- Native to: Cameroon
- Region: Far North Province
- Native speakers: 90,000 (2008)
- Language family: Afro-Asiatic ChadicSouth (c)Mofu-Gudur; ; ;
- Signed forms: Mofu-Gudur Sign Language

Language codes
- ISO 639-3: mif
- Glottolog: mofu1248 Mofu-Gudur mofu1251 Mofu-Gudur Sign Language

= Mofu-Gudur language =

Chadic language of northern Cameroon

Mofu-Gudur, or South Mofu, is a Chadic language spoken in northern Cameroon. Dialects are Dimeo, Gudur, Massagal, Mokong, Njeleng, and Zidim.

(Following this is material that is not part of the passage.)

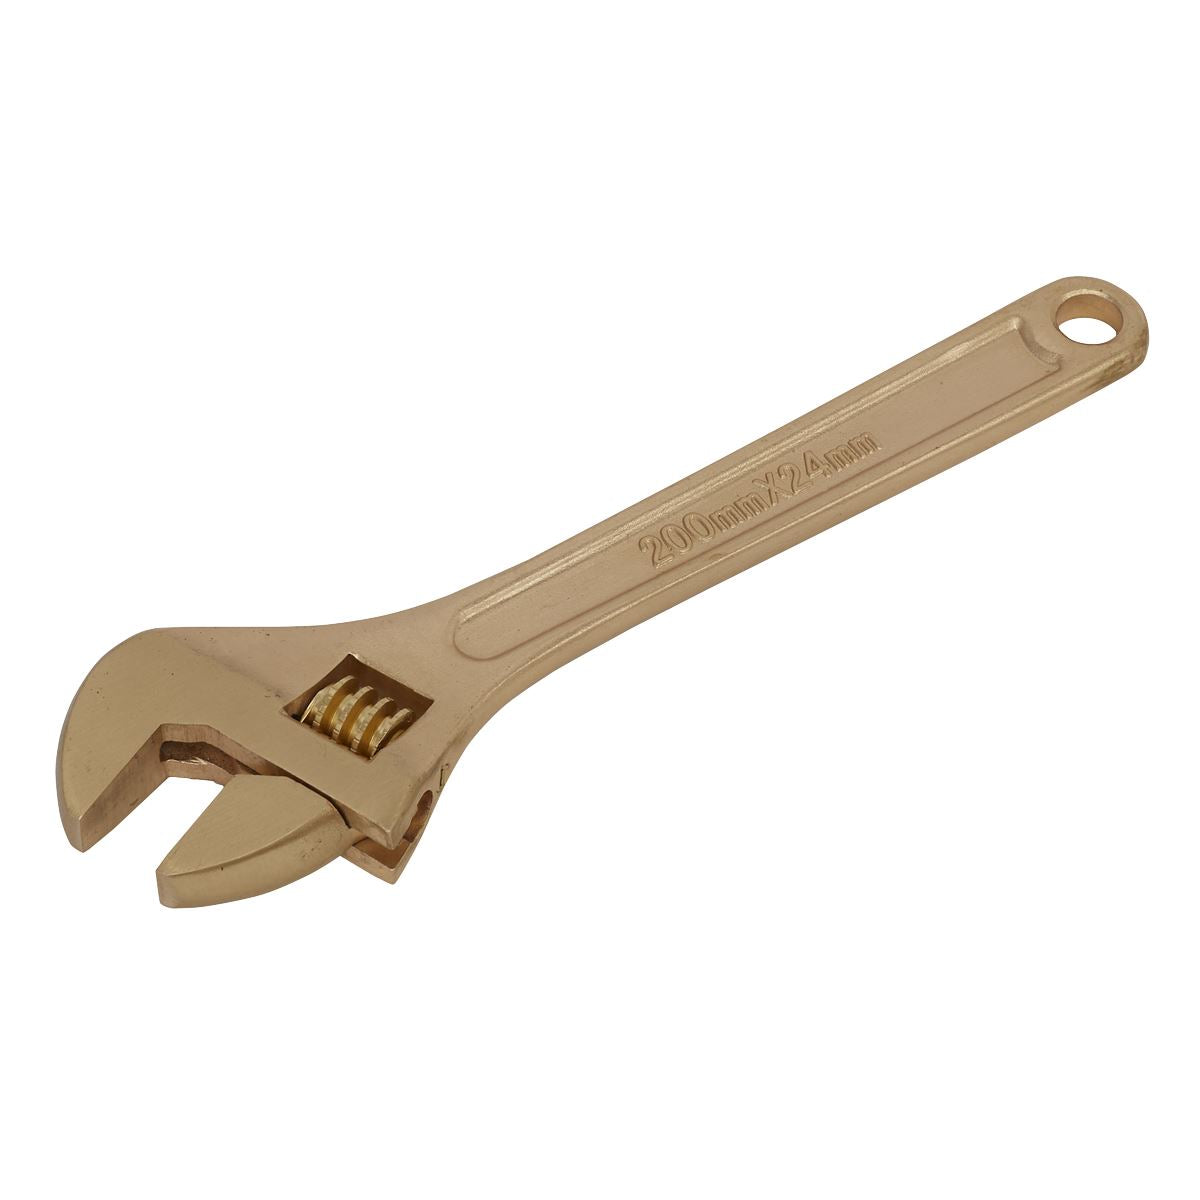 Sealey Premier Adjustable Wrench 200mm - Non-Sparking

Mofu-Gudur is spoken in the massifs south of the Tsanaga River as far as Mayo-Louti (Mokong and Mofou cantons of Mokolo commune, Mayo-Tsanaga department, and Gawaza commune, Diamaré department, in the Far North Region) by 60,000 speakers.

==Sign language==
Mofu-Gudur speakers, who are predominantly hearing, use an extensive repertoire of conventionalized gestures, estimated at around 1,500. These gestures accompany storytelling (including history) and may be used in situations where speech is impractical.